I have two problems with this; firstly, that the entire assembly of a state representing sixty million people could be so disgusted by the suggestion that Gandhi is gay, and secondly; that the entire assembly of a state representing sixty million people would base legislation on an erroneous review without even considering to pause and assess the evidence.

So that’s a lazy media, homophobia, and gross misjudgment.

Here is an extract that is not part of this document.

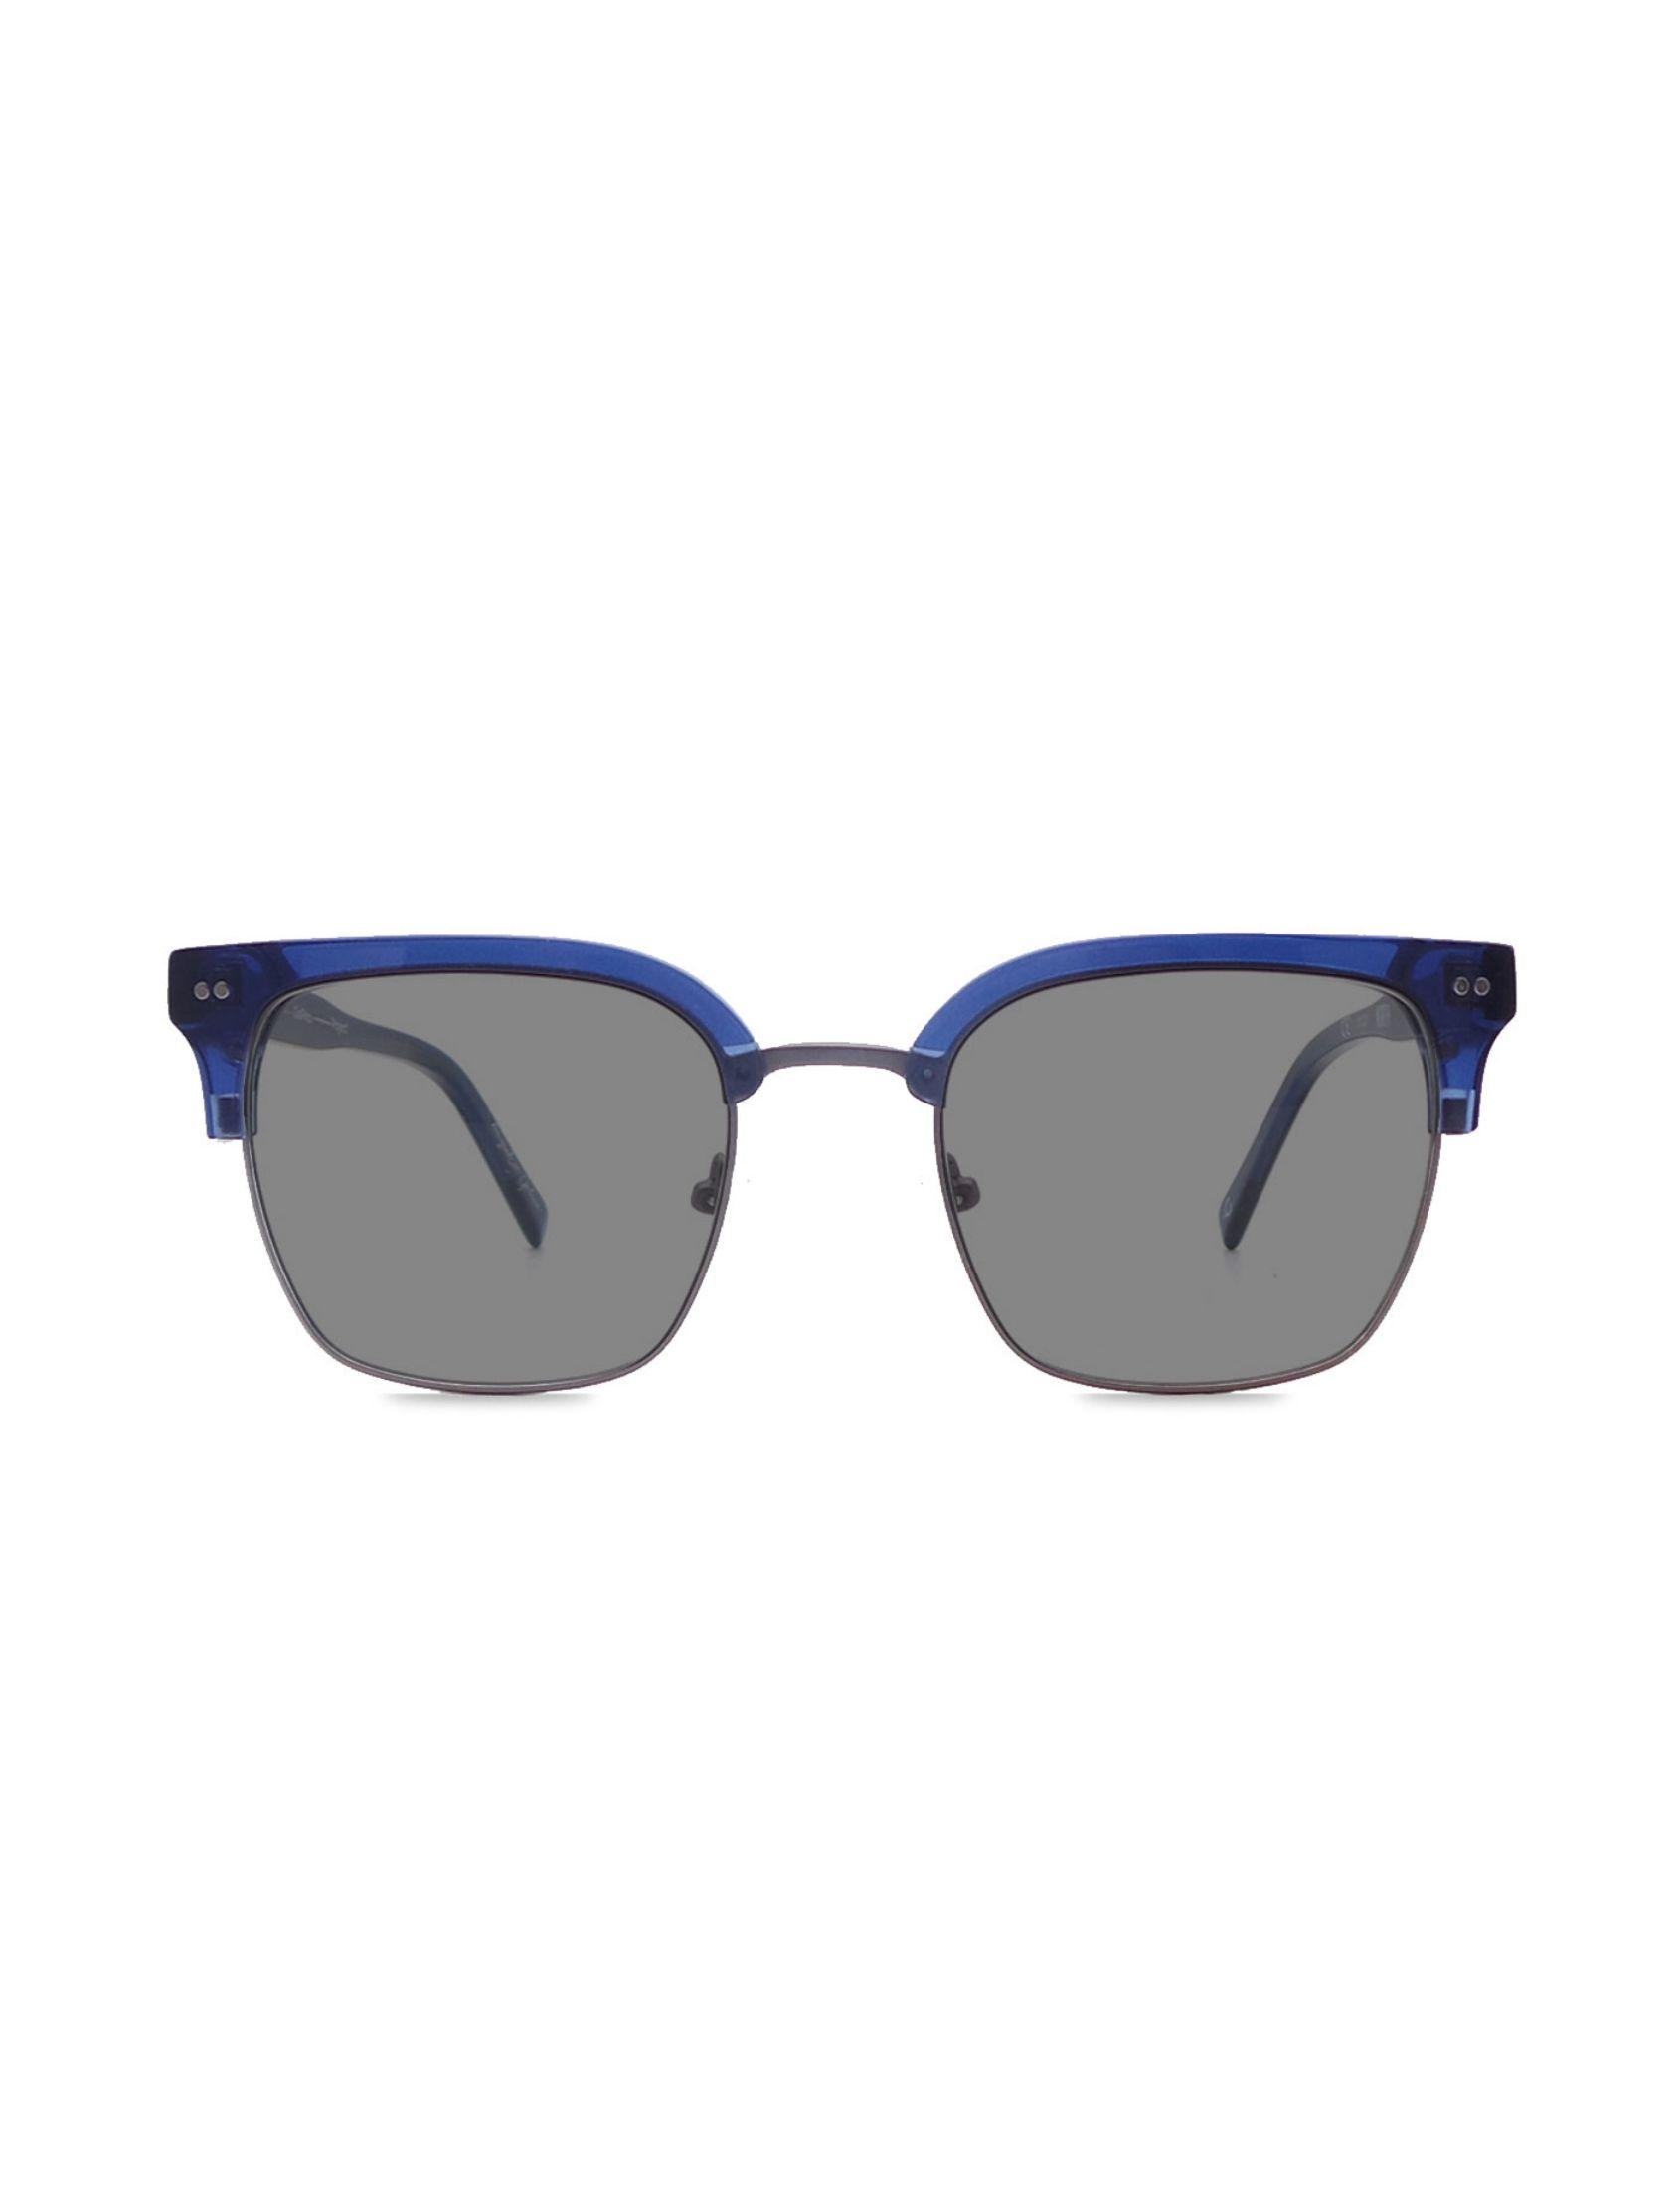 gafa unisex hio north en calor azul de sol o versión graduable

If I could convey a sigh of disapproval (should that be – quelle surprise?) at India, this is it (in the wake of their Cricket World Cup victory, nonetheless).

Homophobia in India is still rampant, but it’s manifested in ignorance rather than hatred. At any rate, there’s a long way to go before the question of Gandhi’s sexuality fades into irrelevance, and there are plenty more battles to be fought before it becomes acceptable to call Gandhi’s founding father bisexual (a term that many ‘phobes’ might perceive as more threatening than being called gay).

The race to ban ‘Great Soul’ on a whim of hysteria would be more believable had it happened under the Taliban. But in a country known for its morbidly slow legislative process, the decision to pass a hurried vote during an emergency session is a betrayal of democracy.

The gross misjudgment and unquestioning disgust caused by the suggestion that a book might have supposed Gandhi bisexual says more about the need for action to challenge homophobia – even in an ‘enlightened’ state assembly – than it does the content of Gandhi’s character.

Gujarat (soon to be joined by the state of Maharashtra, home to Bombay) has bought a great deal of shame not just to itself, but to millions of gay Indians who have begun to come out of the closet since homosexuality was decriminalized in 2009. The whole milieu - from an ignorant review seeking sensationalism, to a sloppy media doing the same, to lazy and captivated state assemblies – is a train-wreck of impotence.

Was Gandhi bisexual? I don’t know. But on the basis of this irrelevant evidence I wouldn’t count on it.

Then again, like the Gujarat State Assembly, I haven’t read the book.